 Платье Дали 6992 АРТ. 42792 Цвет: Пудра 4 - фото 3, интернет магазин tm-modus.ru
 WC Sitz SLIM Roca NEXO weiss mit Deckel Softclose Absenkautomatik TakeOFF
......
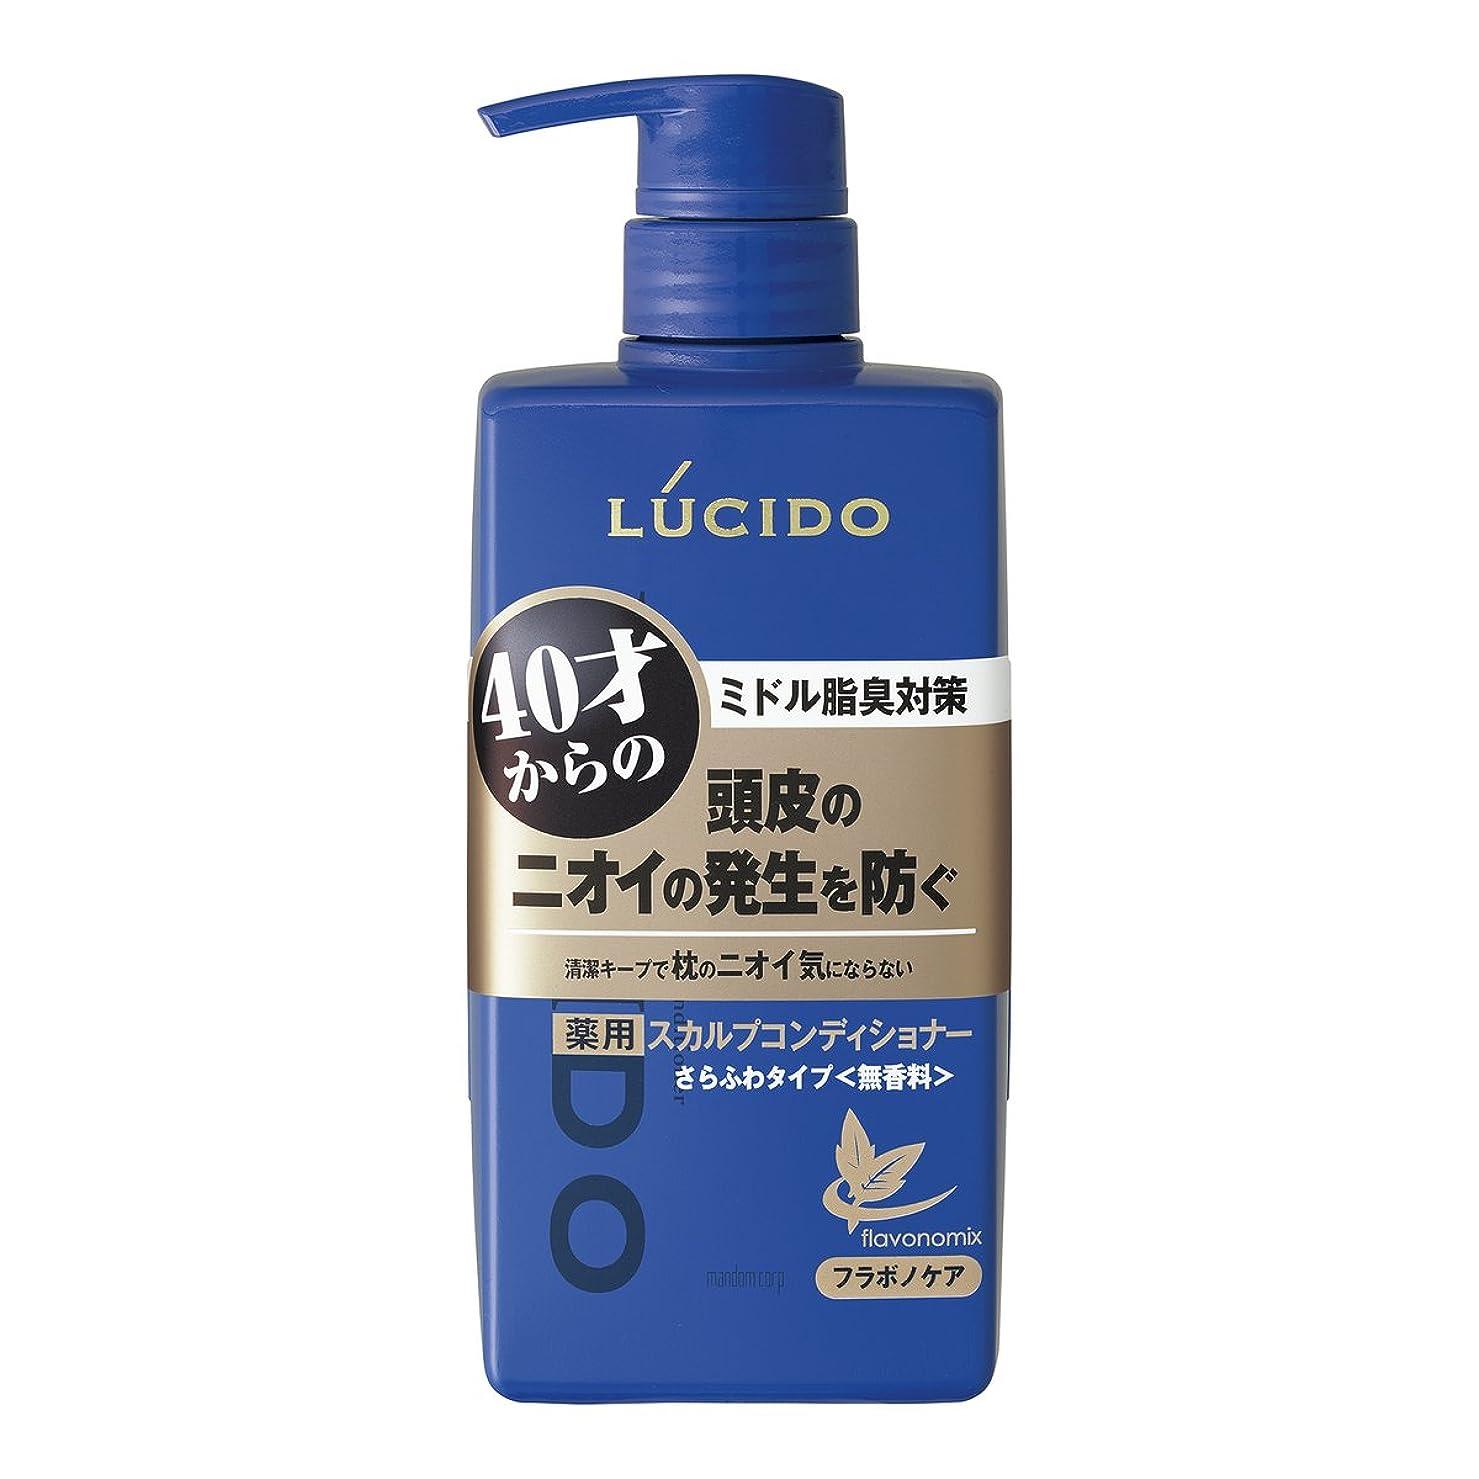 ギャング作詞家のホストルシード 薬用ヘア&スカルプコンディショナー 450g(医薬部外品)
......
[Assignment] When the line with "Платье Дали 6992" is reached in the data above, start copying there, and copy each line exactly until the line with "WC Sitz SLIM" has been copied; copy nothing else.

[Answer space]
 Платье Дали 6992 АРТ. 42792 Цвет: Пудра 4 - фото 3, интернет магазин tm-modus.ru
 WC Sitz SLIM Roca NEXO weiss mit Deckel Softclose Absenkautomatik TakeOFF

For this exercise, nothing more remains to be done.